[Data]
Start of Block
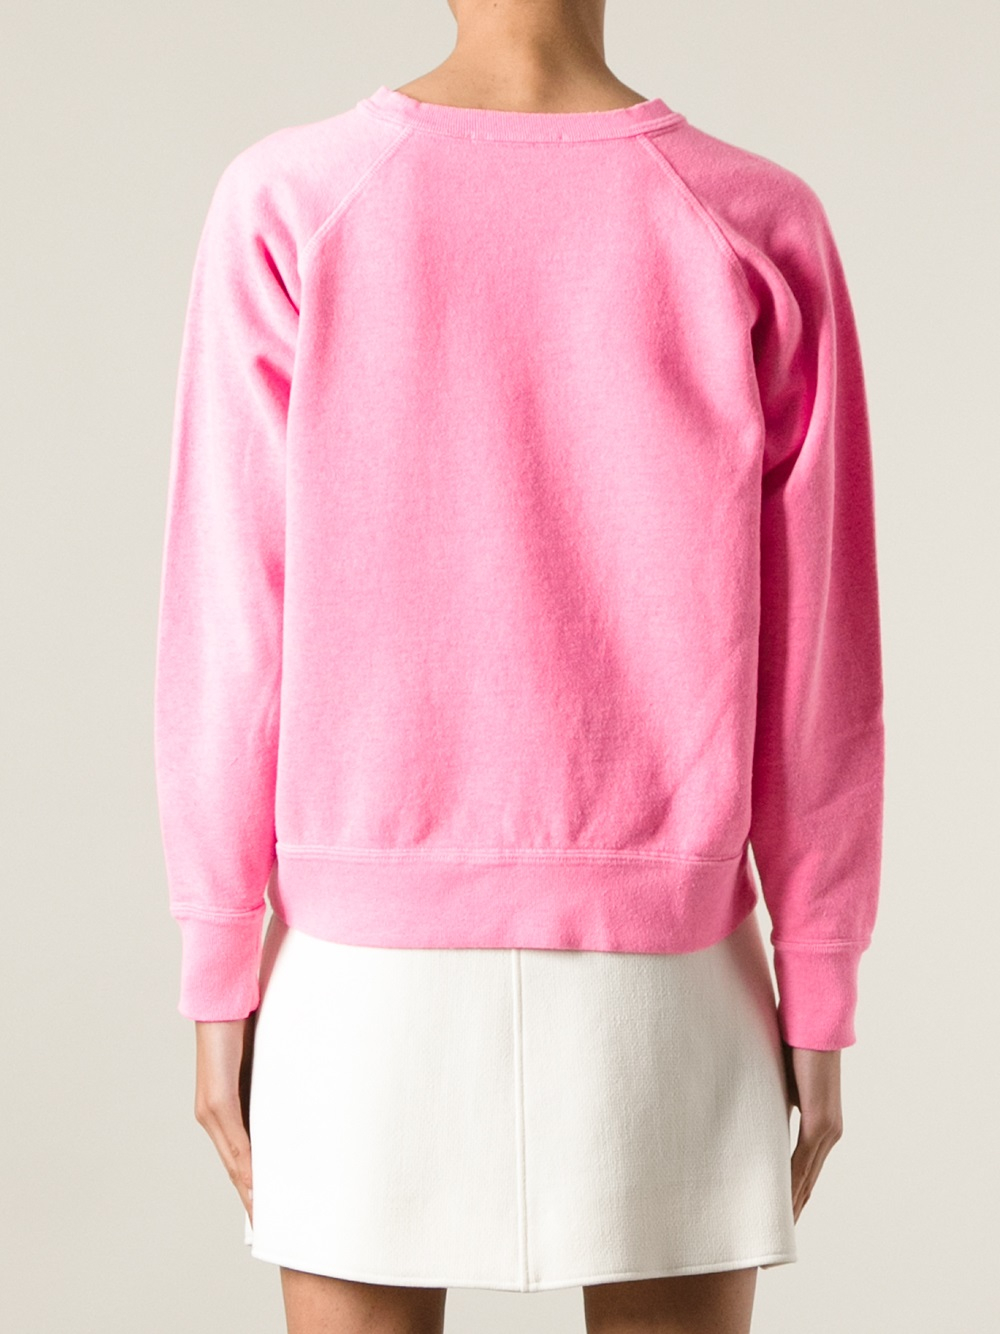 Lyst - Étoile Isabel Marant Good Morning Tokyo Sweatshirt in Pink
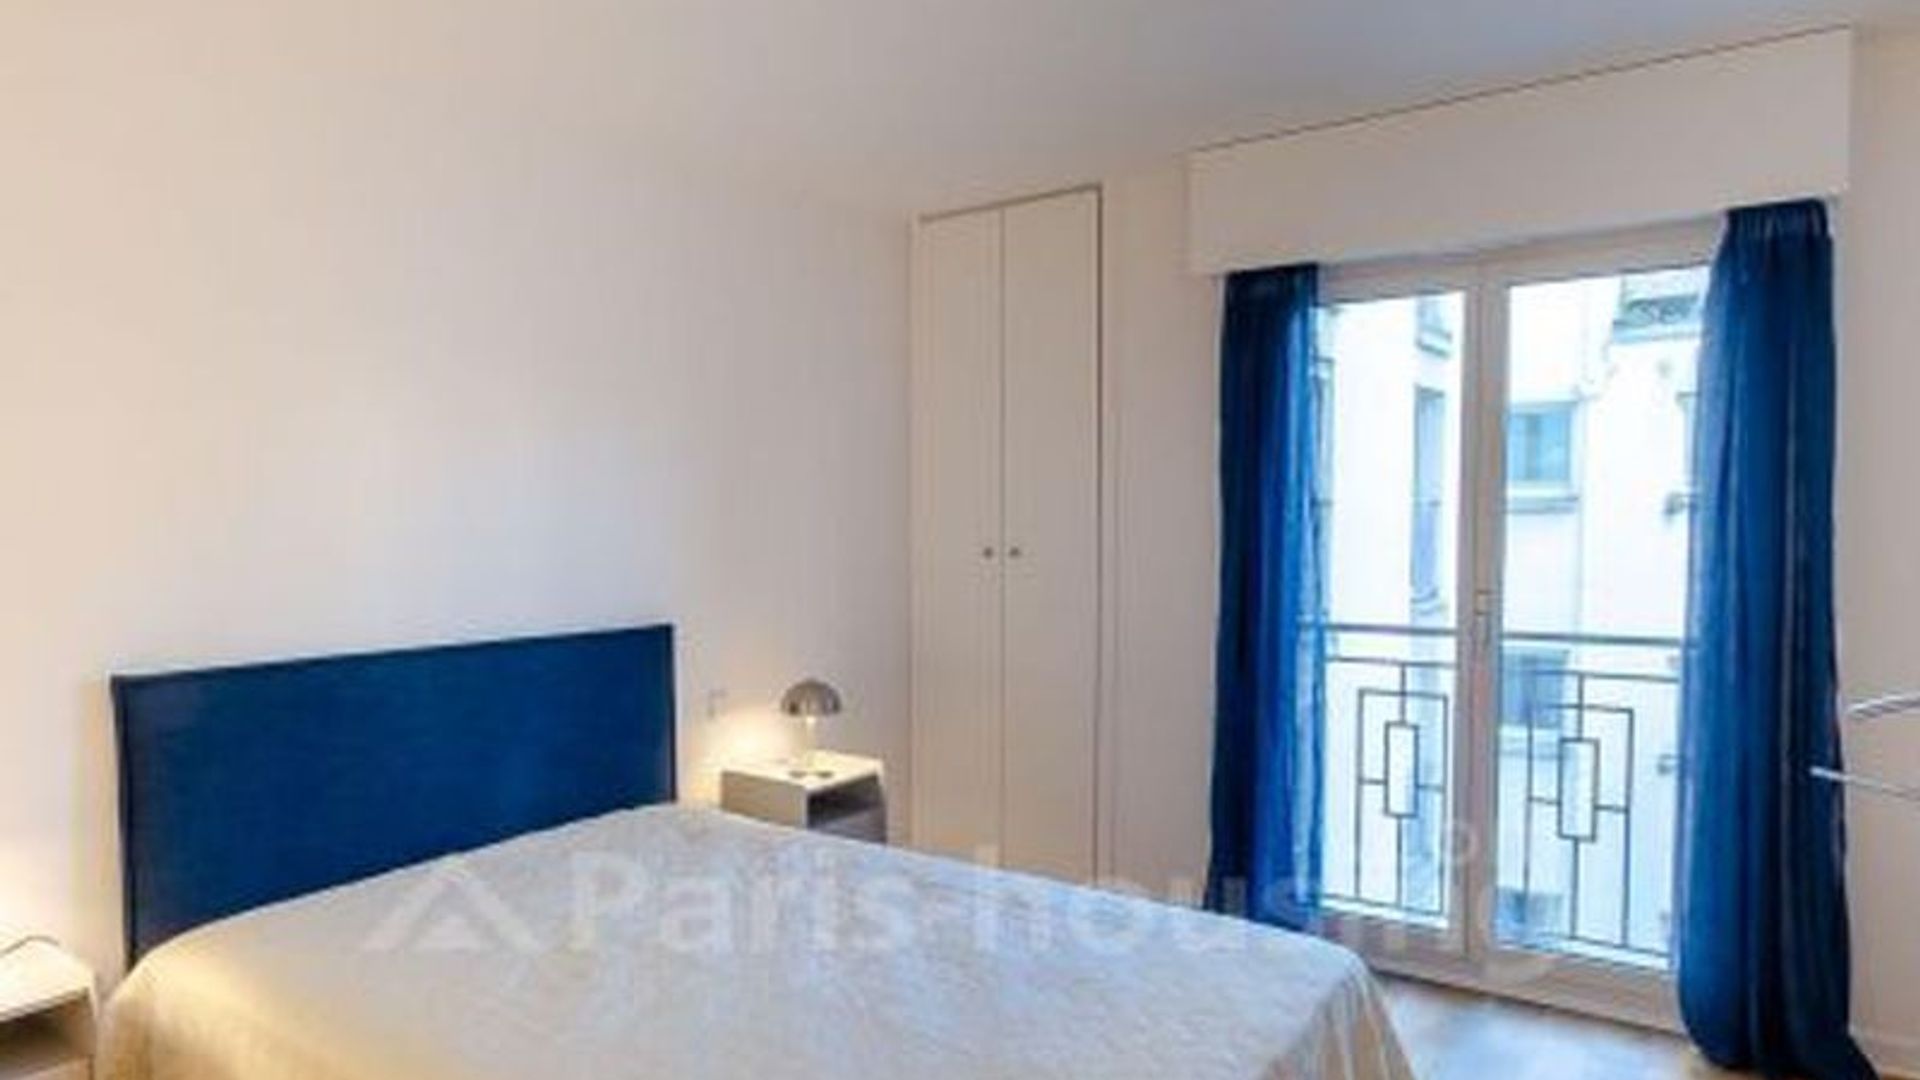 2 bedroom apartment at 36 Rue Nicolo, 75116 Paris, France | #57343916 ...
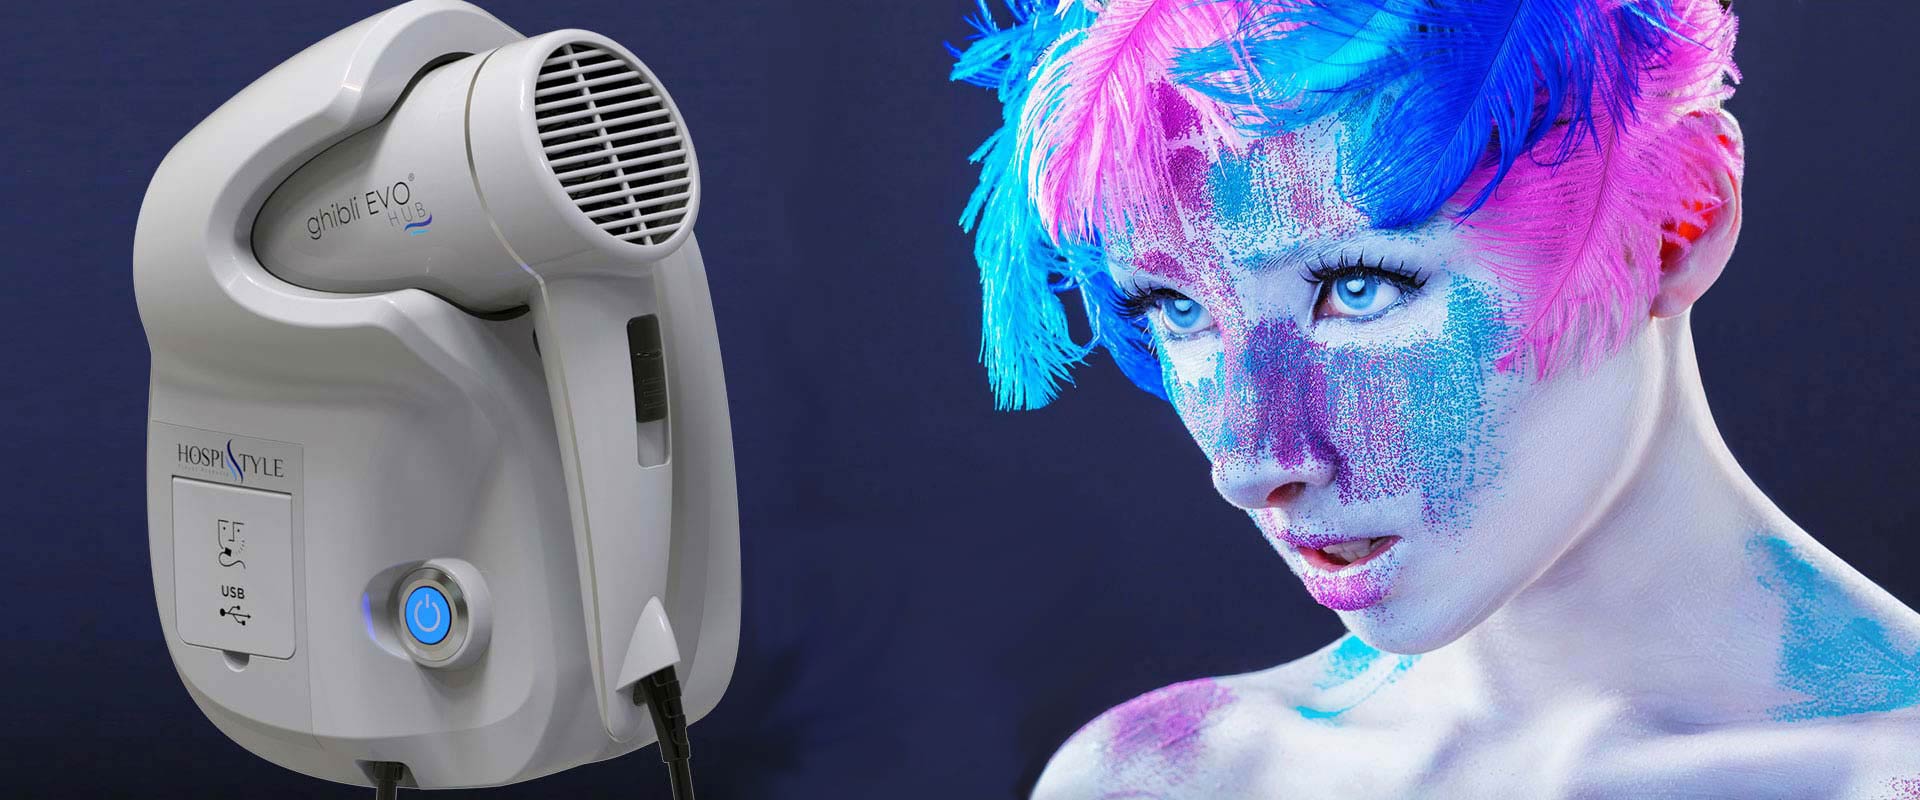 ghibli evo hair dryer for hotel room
End of Block
[Problem description]
Would you write out all of the data exactly as it stands, without the pictures?

[Answer space]
 Lyst - Étoile Isabel Marant Good Morning Tokyo Sweatshirt in Pink
 2 bedroom apartment at 36 Rue Nicolo, 75116 Paris, France | #57343916 ...
 ghibli evo hair dryer for hotel room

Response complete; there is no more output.